1. Midkiff – “public purpose” (even if private
beneficiary) – legislature’s belief only has to be
rational
2. Kelo agrees but Kennedy concurrence (swing
vote) narrows a bit
1. NOT JUST objective public benefit from
taking, BUT ALSO there cannot be
reason to suspect political favoritism
a. e.g. procedural irregularities vs.
lots of formal procedure,
beneficiary known in advance
vs. unknown beneficiaries who
can’t buy people off, absence of
serious public need vs. high
public need
i. e.g. city wide
depression
2. Florida MUCH more restrictive
a. almost no eminent domain power except utilities and
government uses
3. DISSENT CRITIQUE OF KENNEDY
a. multifactor test too vague, rewards city that knows
how to generate paperwork
4. Just compensation clause
a. if government does take it, must compensate,
regardless of strength of public purpose – basically FMV
5. What is taking? Key issue: when is a regulation a “taking”? –“
inverse condemnation”
a. Permanent physical invasion mandated by government
always a taking, even if private person does the
invading
1. Requiring landowner to allow private third
party on land is invasion just as much as
government employees invasion
b. Complete deprivation of all economically beneficial use
always a taking (unless necessary to stop nuisance)

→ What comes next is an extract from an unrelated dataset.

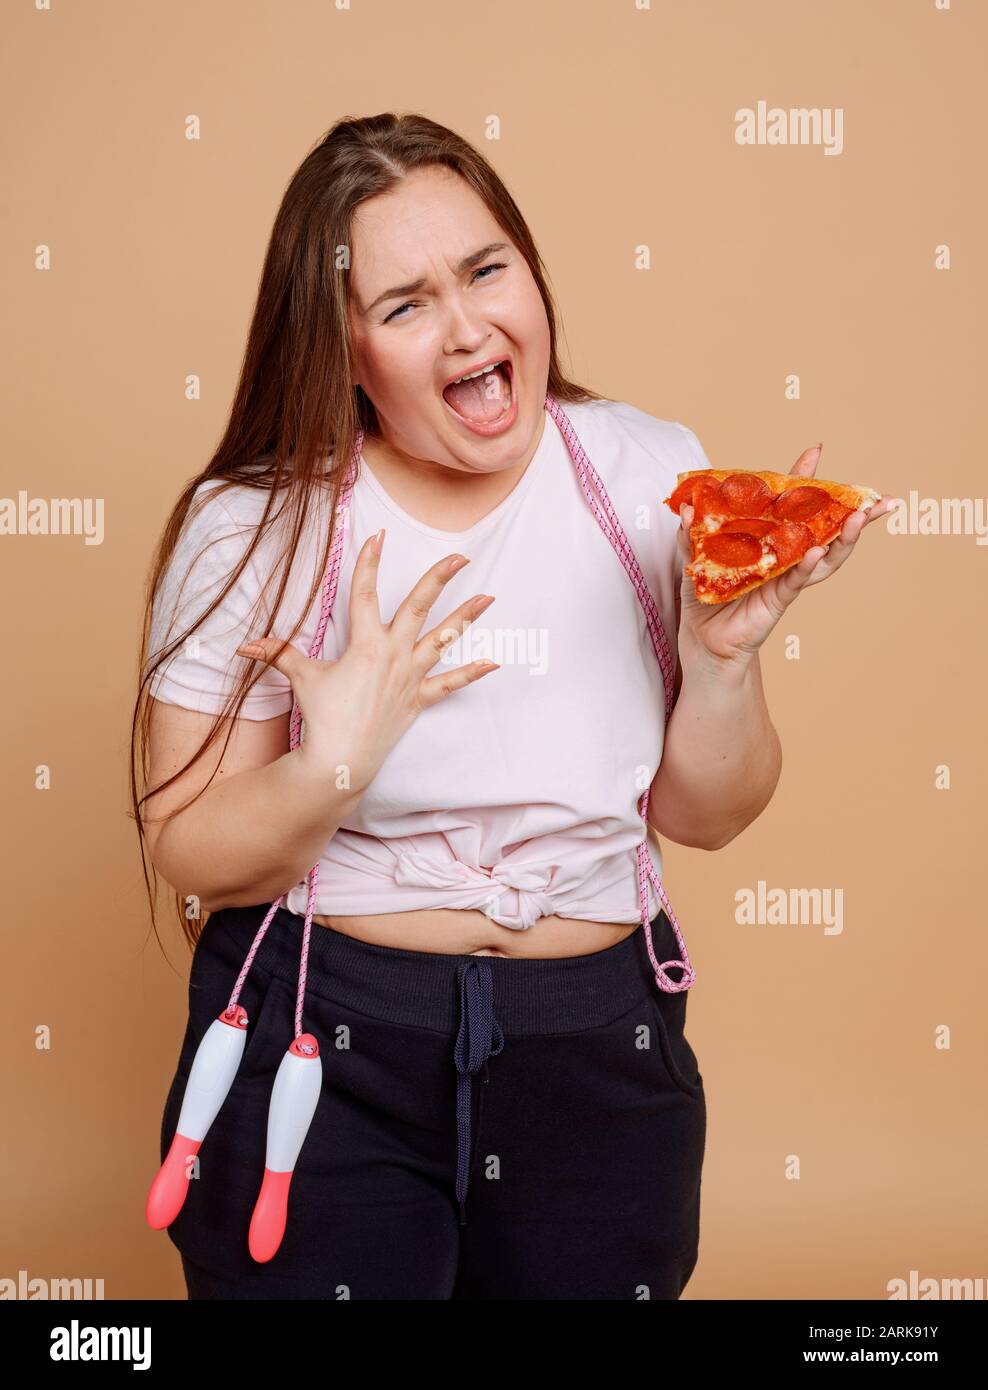 Übergewichtige Frau weinte, weil sie Pizza will Stockfoto

1. Lucas rule doesn’t apply even if 95% loss, has to
be 100%
2. Temporary moratorium on development NOT a
total taking under Lucas, but governed by
balancing test
c. What if regulation merely reduces property value?
Government balances interest based on 3 part test:
1. A harm to P – how much did regulation reduce
property value?
2. Reasonable investment backed expectations –
how much did government harm expectations?
1. IBE can exist even if P somehow got
property after regulation
a. e.g. if P had an interest or
expected to have an interest
before regulation
2. But timing of when P got property still
matters
a. so if P had no link to property
before regulation passed, IBE
favors government defense
3. No IBE if P should have reasonably
foreseen regulation
3. Character of govt. action – how strong is the
state purpose justifying regulation??